The shift from response time to resolution rate on first contact transformed everything. The team began to spend more time understanding problems before responding. Average response time went up slightly, but customer satisfaction scores jumped significantly within two months.
The lesson wasn’t about picking better metrics – it was about understanding how metrics shape behavior in ways you don’t intend.
Try this week: Pick your team’s primary performance metric. Ask yourself: What behavior might this metric accidentally encourage that works against our real goals? Look for evidence of that behavior in action.
Tonio’s Corner: The Succession Planning Reality Check
In my years scaling teams, I’ve learned to ask scaling companies the same uncomfortable question that most leaders avoid: “If you disappeared tomorrow, who could step into your role?”
The silence usually lasts longer than they expect.
The reality is that many leaders know intellectually that they should be developing successors, but they get caught in the daily urgency trap.
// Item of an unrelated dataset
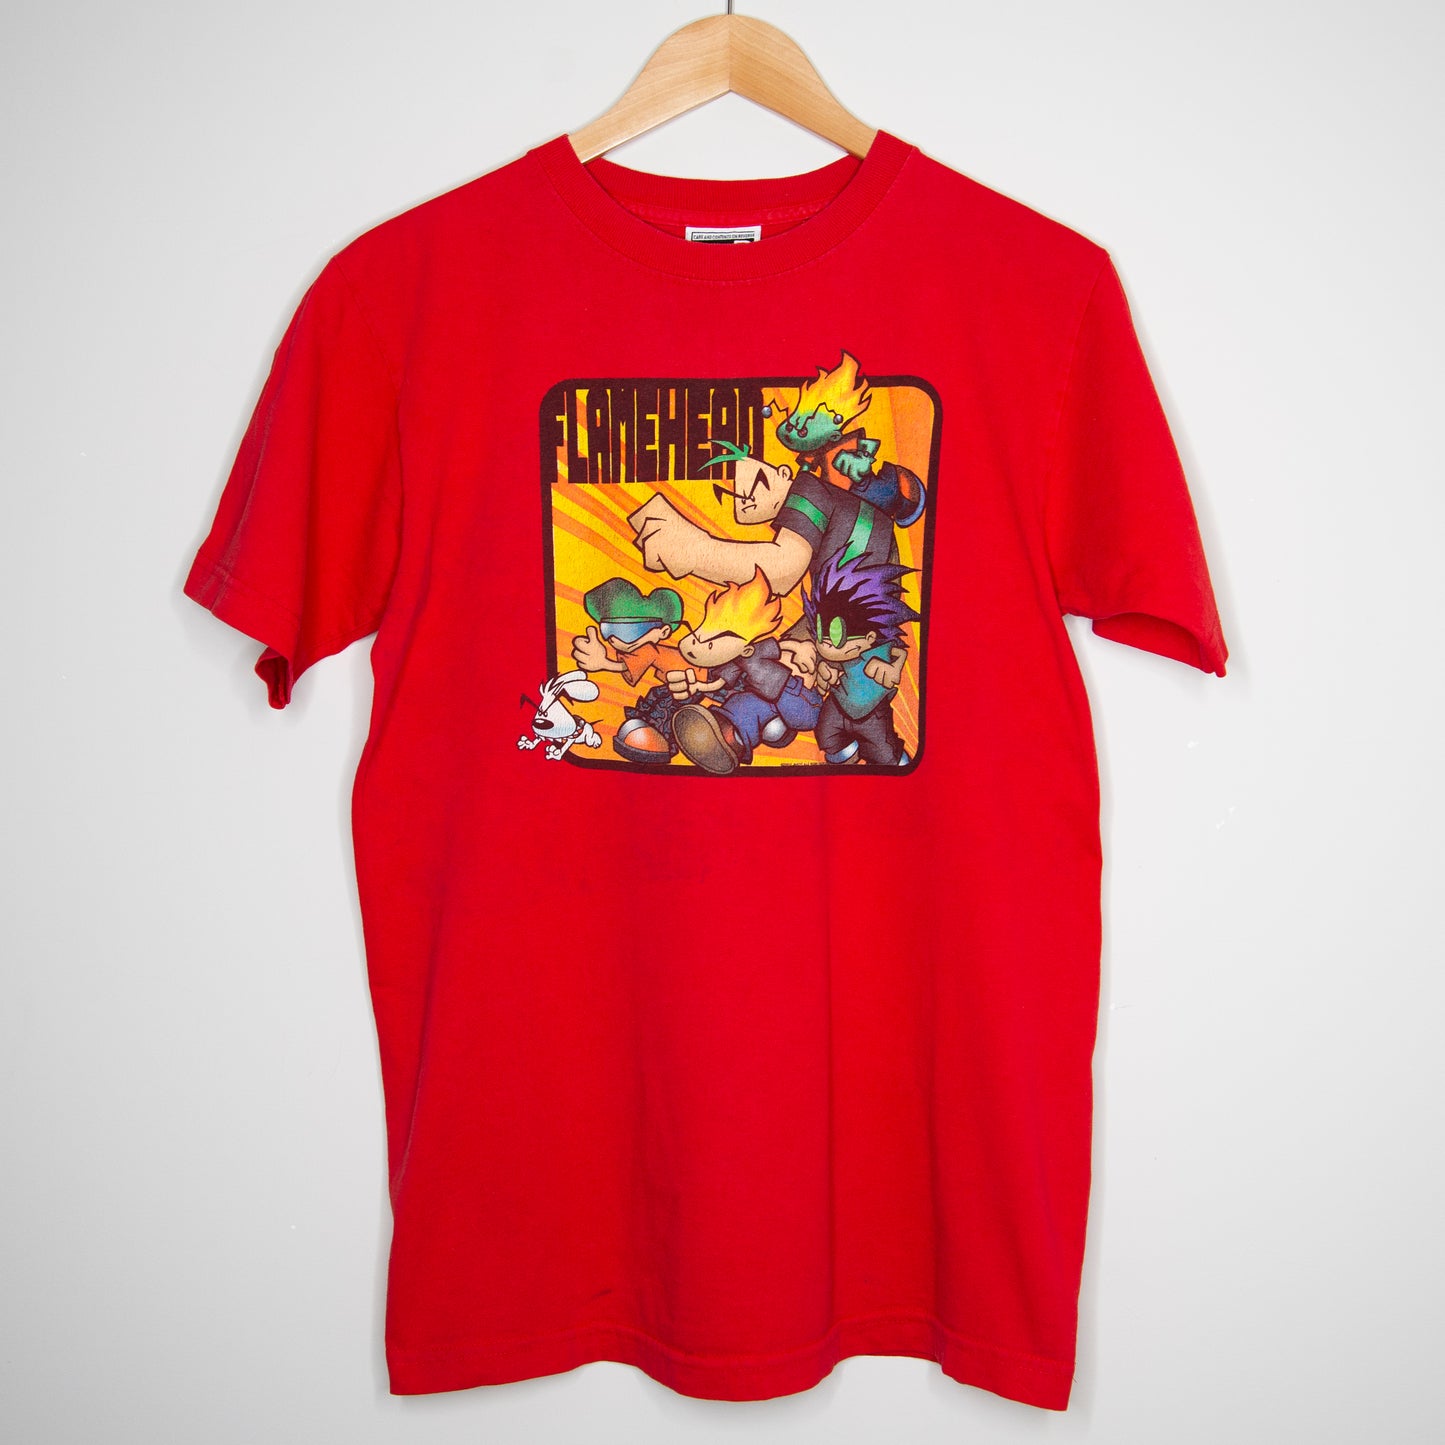 2000 JNCO 'Flamehead' T-Shirt Large

They’re too busy doing the job to prepare someone else to do it.
What I discovered: succession planning isn’t about replacing yourself someday – it’s about creating the capacity to focus on what only you can do.
The simple diagnostic: List the five things that only you currently handle in your organization. For each one, identify who could learn to do it at 80% of your effectiveness within six months.
If you can’t answer that for at least three of the five, you’re not just creating succession risk – you’re limiting your own strategic impact.
Try this week: Pick one decision or responsibility that currently comes to you by default. Spend 30 minutes teaching someone else how to handle it. Start building your organizational capacity deliberately.
The Compounding Effect
These four issues don’t exist in isolation – they create a vicious cycle in scaling companies.
Echo chamber leadership prevents honest assessment of broken processes. Broken processes lead to metric gaming that optimizes for the wrong outcomes. Leaders stuck optimizing the wrong metrics stay too busy firefighting to develop successors. Without succession planning, you never step back to address system-level issues.
But the reverse is also true: Fix one, and the others become easier to address.
Leaders who embrace productive conflict spot process breakdowns faster. Teams with clear cross-functional workflows measure what actually matters. Organizations tracking the right metrics create space for succession planning. And leaders with strong successors can focus on the strategic work that prevents these problems in the first place.
What’s one insight from this week that you’ll try in the next seven days?